Contou-lhe então tudo, as saudades que curtira, as propostas do mascate, as
suas recusas, até que um dia, sem saber como, amanhecera gostando dele.
-
Pode crer que pensei muito e muito em você. Sinhá Inácia que lhe diga se não
chorei muito... Mas o coração mudou... Mudou... Conto-lhe tudo isto, como se
estivesse diante do padre, concluiu sorrindo.
Não
sorria de escárnio. A expressão das palavras é que era uma mescla de candura e
cinismo, de insolência e simplicidade, que desisto de definir melhor. Creio até
que insolência e cinismo são mal aplicados. Genoveva não se defendia de um erro
ou de um perjúrio; não se defendia de nada; faltava-lhe o padrão moral das
ações. O que dizia, em resumo, é que era melhor não ter mudado, dava-se bem com
a afeição do Deolindo, a prova é que quis fugir com ele; mas, uma vez que o
mascate venceu o marujo, a razão era do mascate, e cumpria declará-lo. Que vos
parece?
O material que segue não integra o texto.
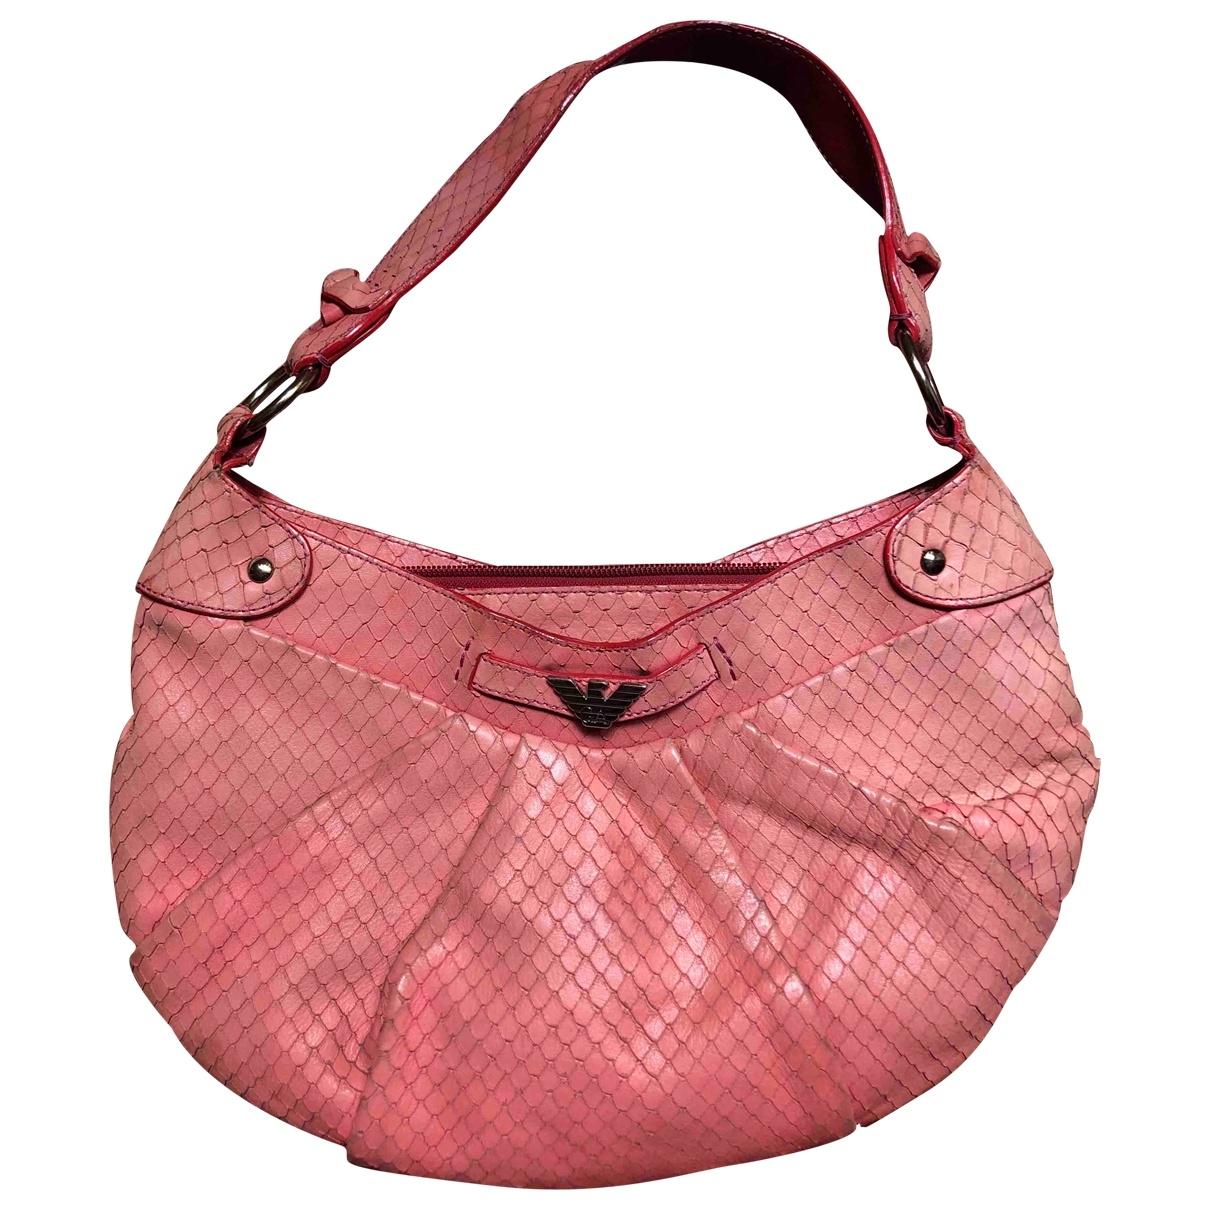 Emporio Armani \N Pink Leather handbag for Women \N

O pobre marujo citava o juramento de despedida, como uma obrigação
eterna, diante da qual consentira em não fugir e embarcar: "Juro por Deus
que está no céu; a luz me falte na hora da morte". Se embarcou, foi porque
ela lhe jurou isso. Com essas palavras é que andou, viajou, esperou e tornou;
foram elas que lhe deram a força de viver. Juro por Deus que está no céu; a luz
me falte na hora da morte...
-
Pois, sim, Deolindo, era verdade. Quando jurei, era verdade. Tanto era verdade
que eu queria fugir com você para o sertão. Só Deus sabe se era verdade! Mas
vieram outras coisas... Veio este moço e eu comecei a gostar dele...
-
Mas a gente jura é para isso mesmo; é para não gostar de mais ninguém...
-
Deixa disso, Deolindo. Então você só se lembrou de mim? Deixa de partes...
-
A que horas volta José Diogo?
-
Não volta hoje.
-
Não?
-
Não volta; está lá para os lados de Guaratiba com a caixa; deve voltar
sexta-feira ou sábado... E por que é que você quer saber? Que mal lhe fez ele?
Pode
ser que qualquer outra mulher tivesse igual palavra; poucas lhe dariam uma
expressão tão cândida, não de propósito, mas involuntariamente. Vede que
estamos aqui muito próximos da natureza. Que mal lhe fez ele? Que mal lhe fez
esta pedra que caiu de cima? Qualquer mestre de física lhe explicaria a queda
das pedras. Deolindo declarou, com um gesto de desespero, que queria matá-lo.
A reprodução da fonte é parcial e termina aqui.